Ever since I stopped straightening my curly hair about seven or eight years ago, I’ve spent an embarrassingly large amount of my time obsessing over frizz-defying creams, gels, and leave-in conditioners. Anyone who has curly hair knows that the fight against frizz is an absolute uphill battle. It seems to me that most products fix one of my problems, but cause seven others. A gel, for example, might make my curls super defined and frizz-free, but it will also make my hair look greasy and wet. Mousse might give me great volume, but along with that volume will come crunchy sticky curls. Nothing can make my hair as soft as a great leave-in conditioner, but nothing weighs my hair down like one too.
Every once in a while I’ll go through a product rebellion. I’ll eschew all outside influences in favor of hoping and praying that my hair, left to its own devices, will suddenly become the soft, shiny, frizz-free, and voluminous mane that I deserve. Sadly, it’s been proven to me, time and time again, that my hair simply cannot be trusted to play nicely by itself. I’ll then start looking for the next great thing in curly hair care, and the cycle continues.
So imagine my surprise when I discovered that the product that just might be the closest thing to perfect for me isn’t marketed toward curly-haired women at all. In fact, this stuff is traditionally used to give straight hair a bit of a beachy wave.
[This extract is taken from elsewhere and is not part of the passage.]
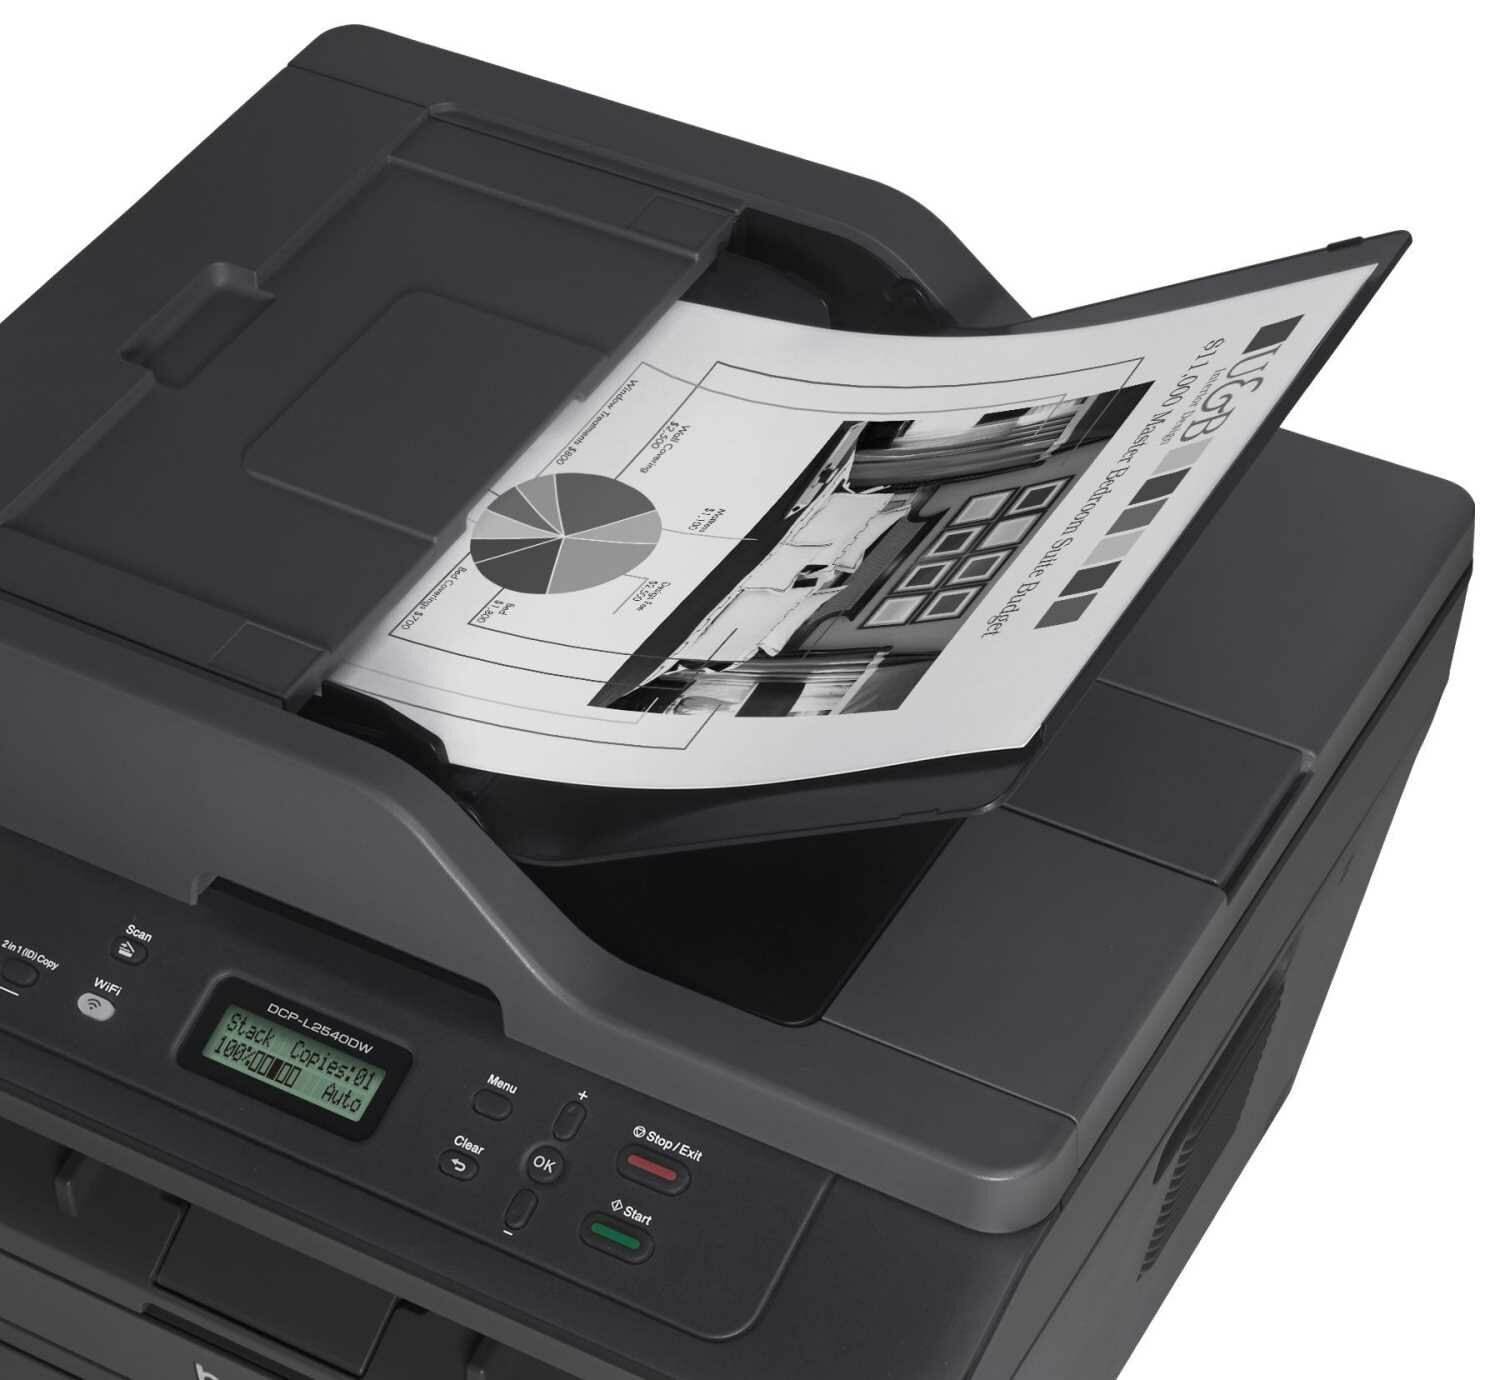 МФУ Brother DCP-L2540DW Лазерный принтер двусторонняя печать автоподатчик цветной сканер WI-fi вай фай русский язык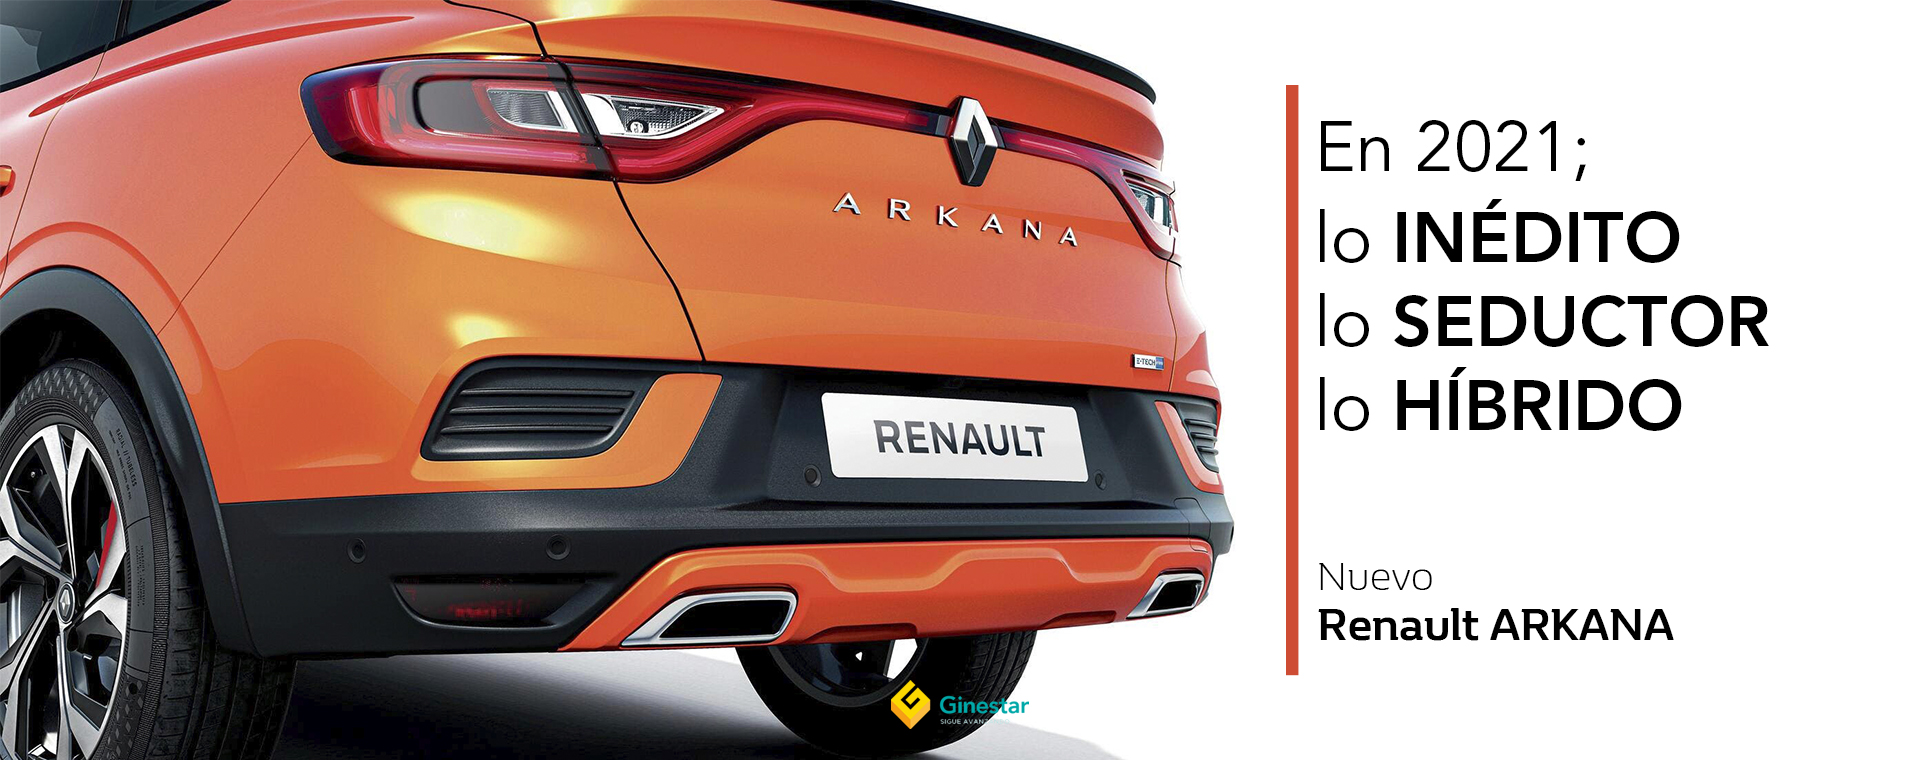 Oficial: Renault Arkana 2021, así es el nuevo SUV coupé

Lush’s Sea Spray ($12.95, 3.3 oz) recently arrived at my door nestled in among some other really awesome products from the vegetarian-approved, environmentally friendly skincare giant. Initially, I thought I’d gift the spray to my sister, who’s been making an effort to limit her use of blow dryers and straighteners on her naturally wavy hair. Now that I’ve tried (and fallen in love with) Sea Spray, I’m really, really happy that I didn’t give it away. (Sorry, Kait!)
At first, I decided to keep the bottle of Sea Spray around simply because I loved its scent. The spray is made of sea salt, seawater, and seaweed, and it features a blend of orange flowers, grapefruit, neroli, and rosewood oils. I figured I could use the product as a hair perfume on days when I just don’t feel like showering and leave it at that.
But then I took a trip to my hometown to visit my parents for a weekend, and–horror of horrors–I left my bag of leave-in conditioners and creams at my apartment in Toronto. Because I’d stuck the bottle of Sea Spray in my purse before heading out to catch the train, it was the only hair care product I had with me. Of course, I didn’t discover that I was missing a bag until I stepped out of the shower at my Dad’s and went to grab my hair care products from my suitcase. After a quick scan of my Dad’s bathroom cabinets–the contents of which totaled to Rub A535, Advil, some questionable-looking tubes of toothpaste, and shaving cream–I realized that my only option was to spritz on some Sea Spray and hope for the best.
As it would turn out, sometimes hoping for the best actually works, because my hair looked good that day. I spent the entire afternoon swimming–both in Lake Huron and in my friend’s pool–and I found that a few spritzes of the Sea Spray post-swim were all I needed for my hair to dry the way I wanted it to. My curls were defined, but not weighed down, and they had great texture and hold. The frizz was minimal, and my hair didn’t look greasy or wet. Oh, and it smelled amazing. I didn’t even feel the need to wear perfume (and I’m a don’t-leave-the-house-without-it kind of girl) because the scent of my hair was just that good.
Sea Spray is by no means a perfect product. It’s easy to go overboard with the spraying, and that will make your hair look greasy (I learned this the hard way: the next day, in my post-product discovery euphoria, I spritzed my hair like nine times and wound up looking like I’d taken a dip in a fry vat). Sea Spray can also be a little drying, and because my hair is pretty dry all on its own, that has been an issue for me. As long as I make sure to keep my spraying to a minimum–four or five spritzes are more than enough–and use a good deep conditioner, then I really have no complaints about Sea Spray.
So, are any other curly-haired girls out there using a sea salt spray on their hair? Have you ever tried a hair care product that wasn’t marked toward your hair type but wound up being a great fit for you? Let’s talk about hairy happy surprises in the comments, shall we?